Collected data:
○ ○ ○ ○ ○

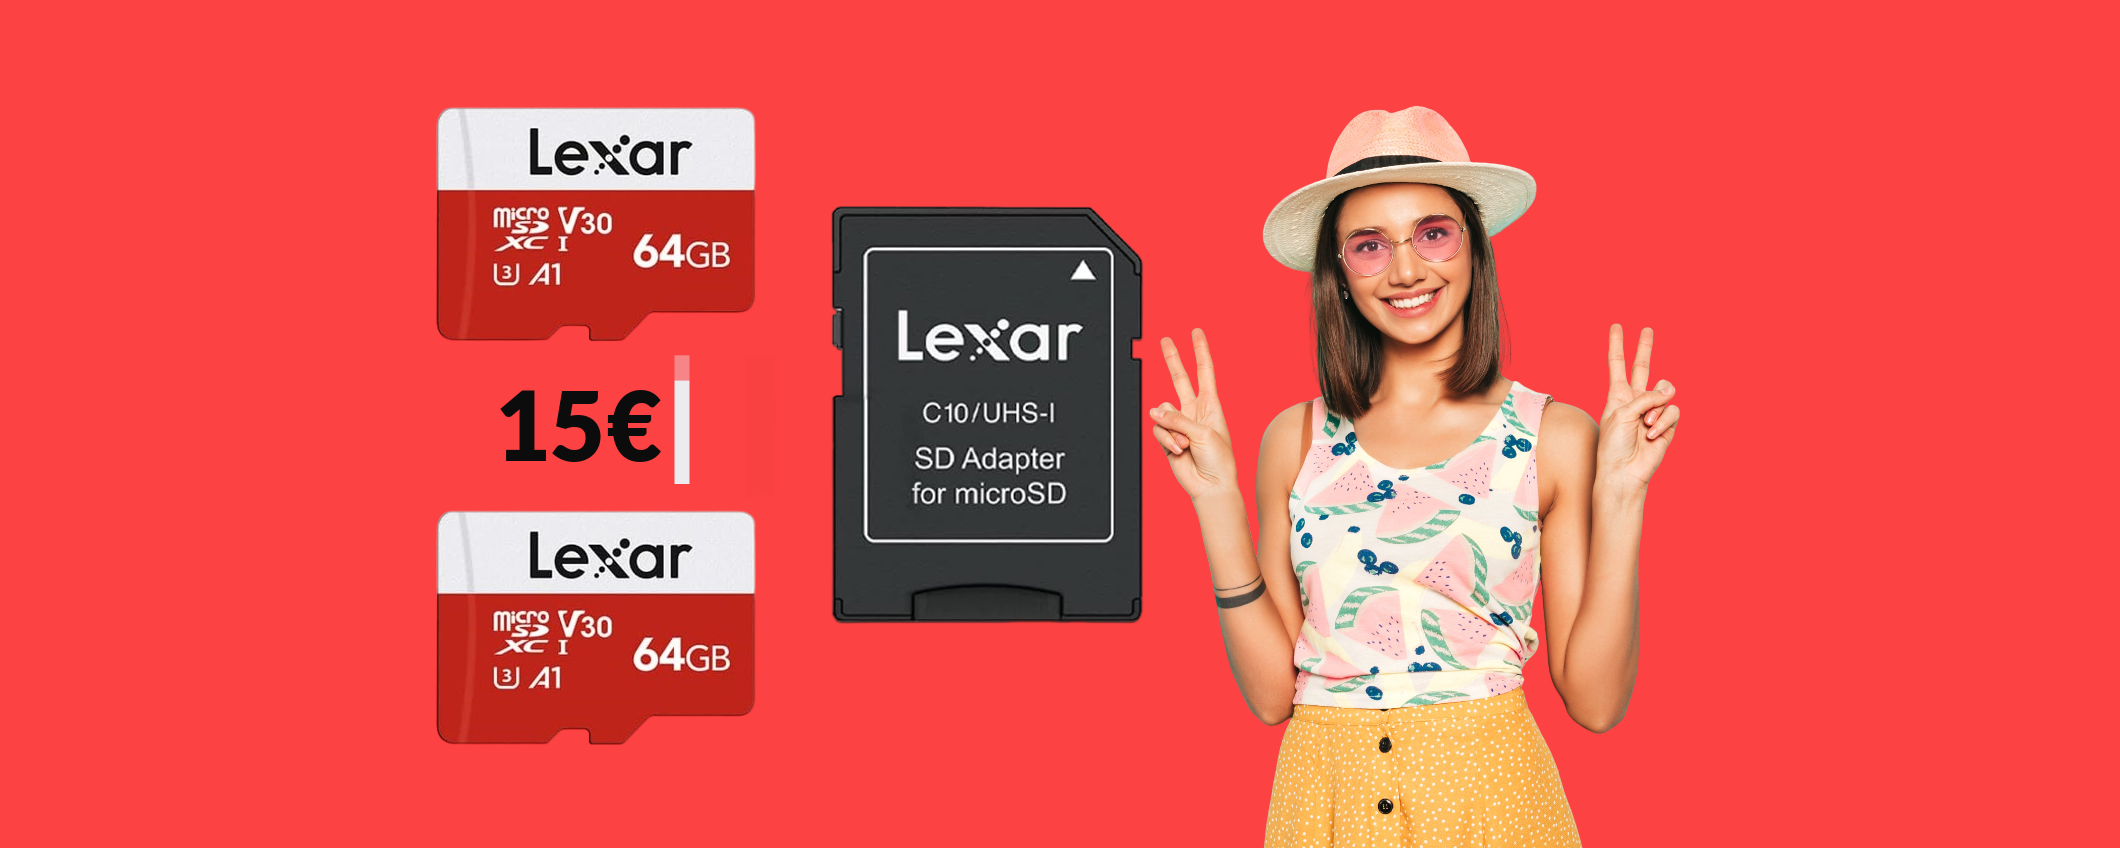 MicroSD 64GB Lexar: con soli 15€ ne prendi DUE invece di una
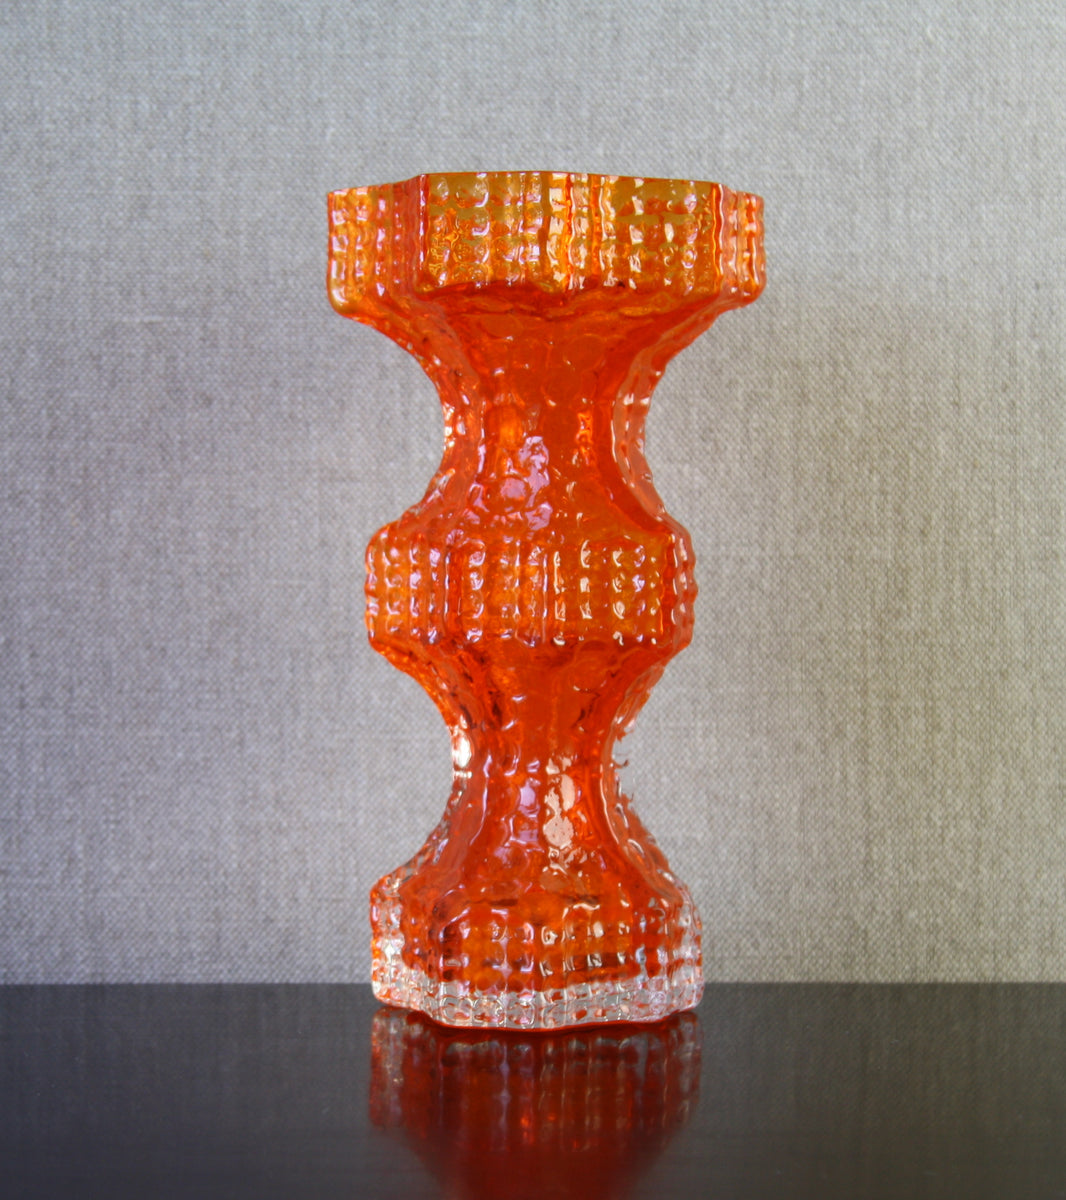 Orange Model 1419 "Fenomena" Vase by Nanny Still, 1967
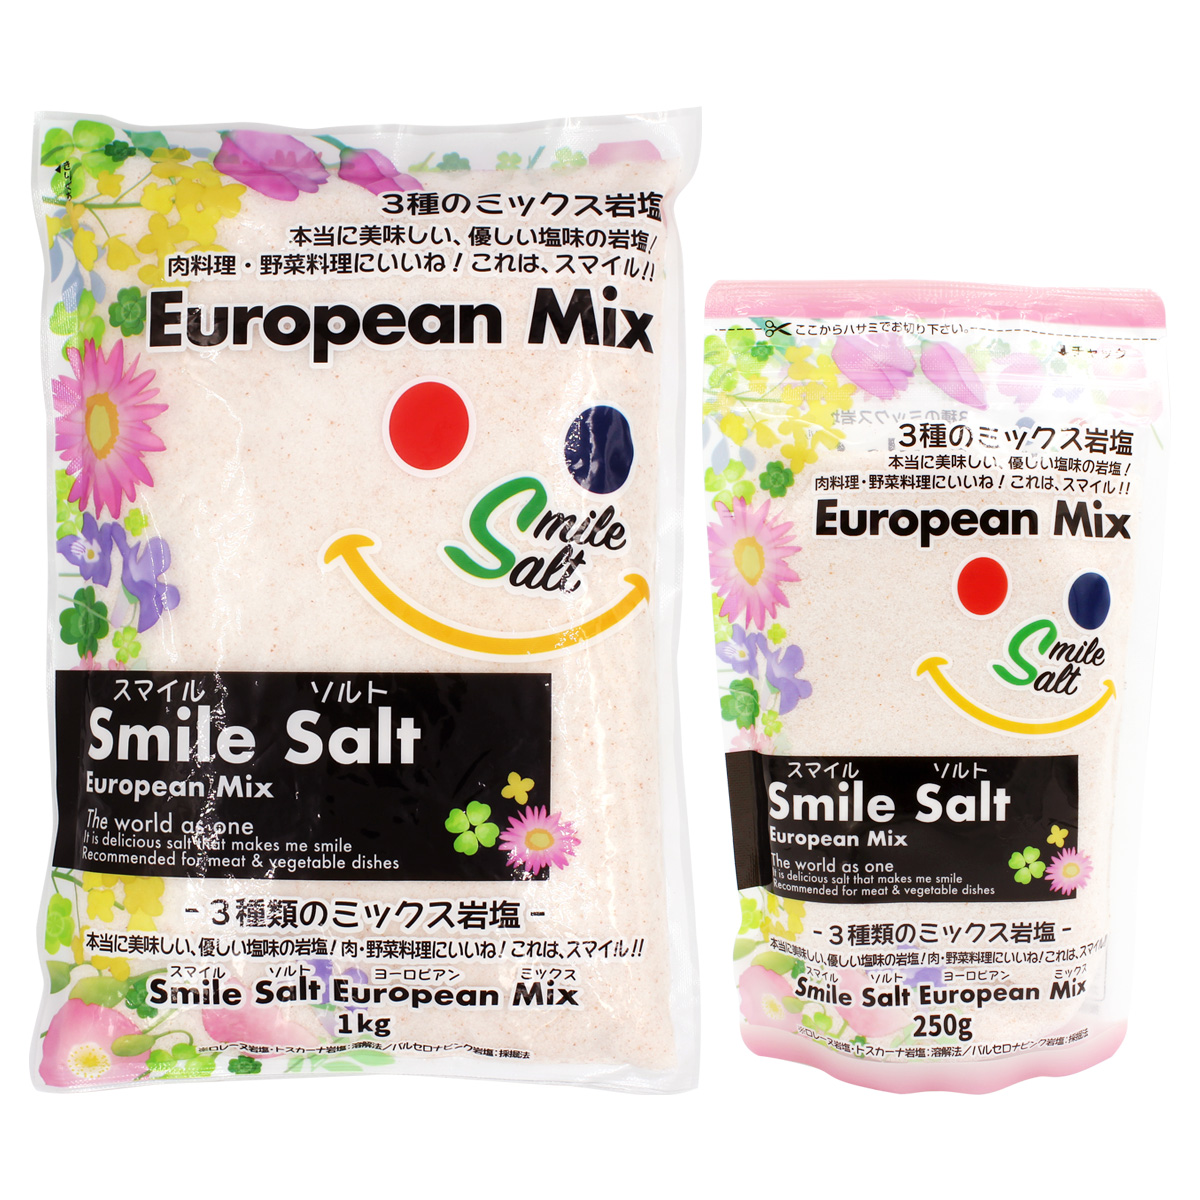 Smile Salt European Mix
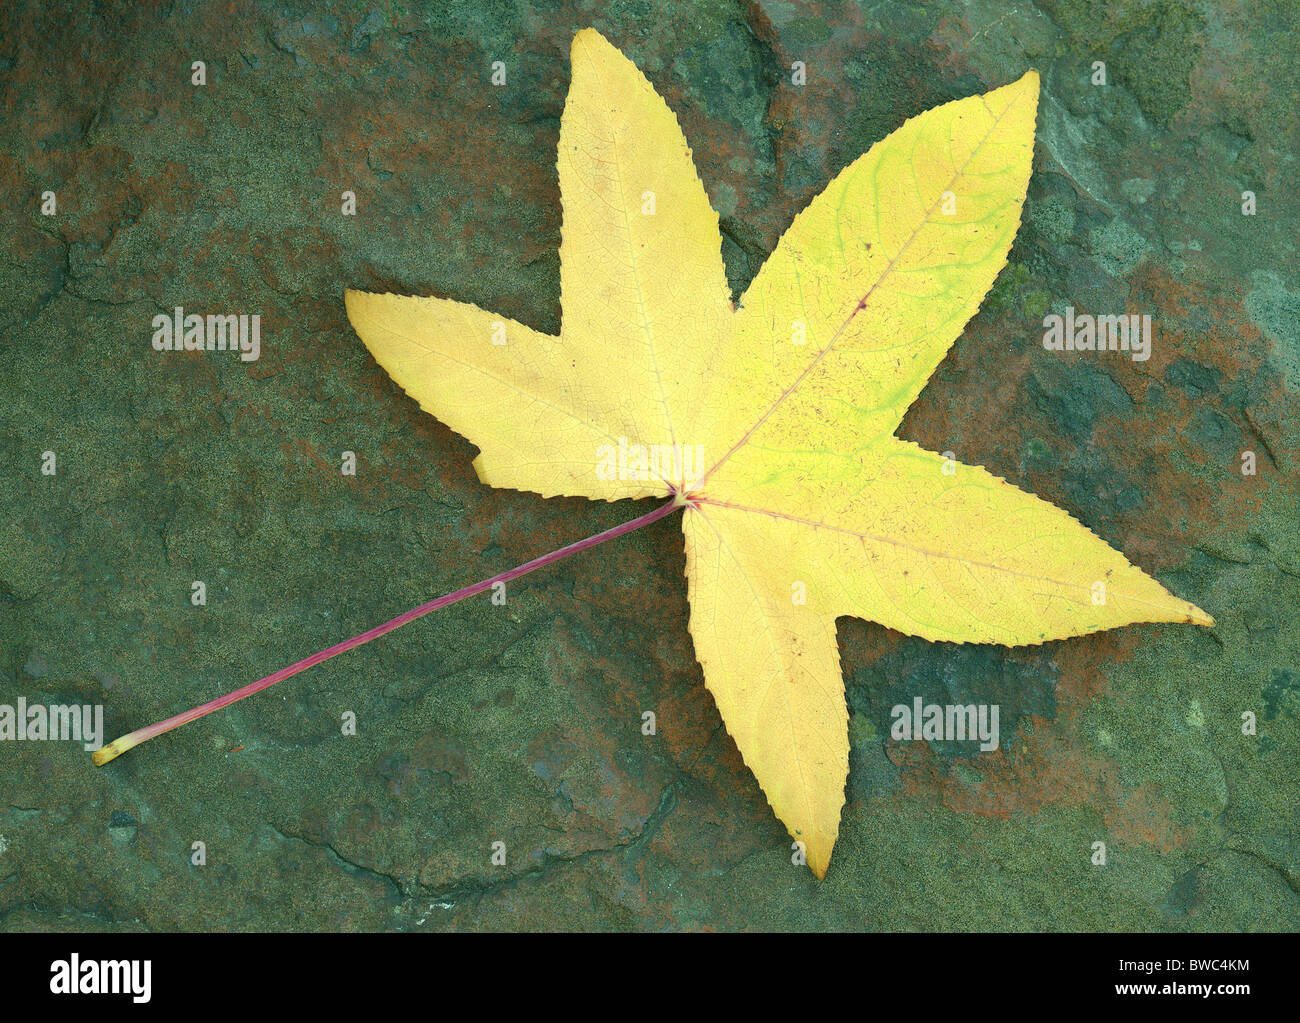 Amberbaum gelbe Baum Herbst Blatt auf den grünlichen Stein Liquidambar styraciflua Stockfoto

○ ○ ○ ○ ○

Work item: Print exactly the lines from the line with "Orange Model 1419" through the end of the data, both ends included, and print no pictures.

Your solution:
 Orange Model 1419 "Fenomena" Vase by Nanny Still, 1967
 Smile Salt European Mix
 Amberbaum gelbe Baum Herbst Blatt auf den grünlichen Stein Liquidambar styraciflua Stockfoto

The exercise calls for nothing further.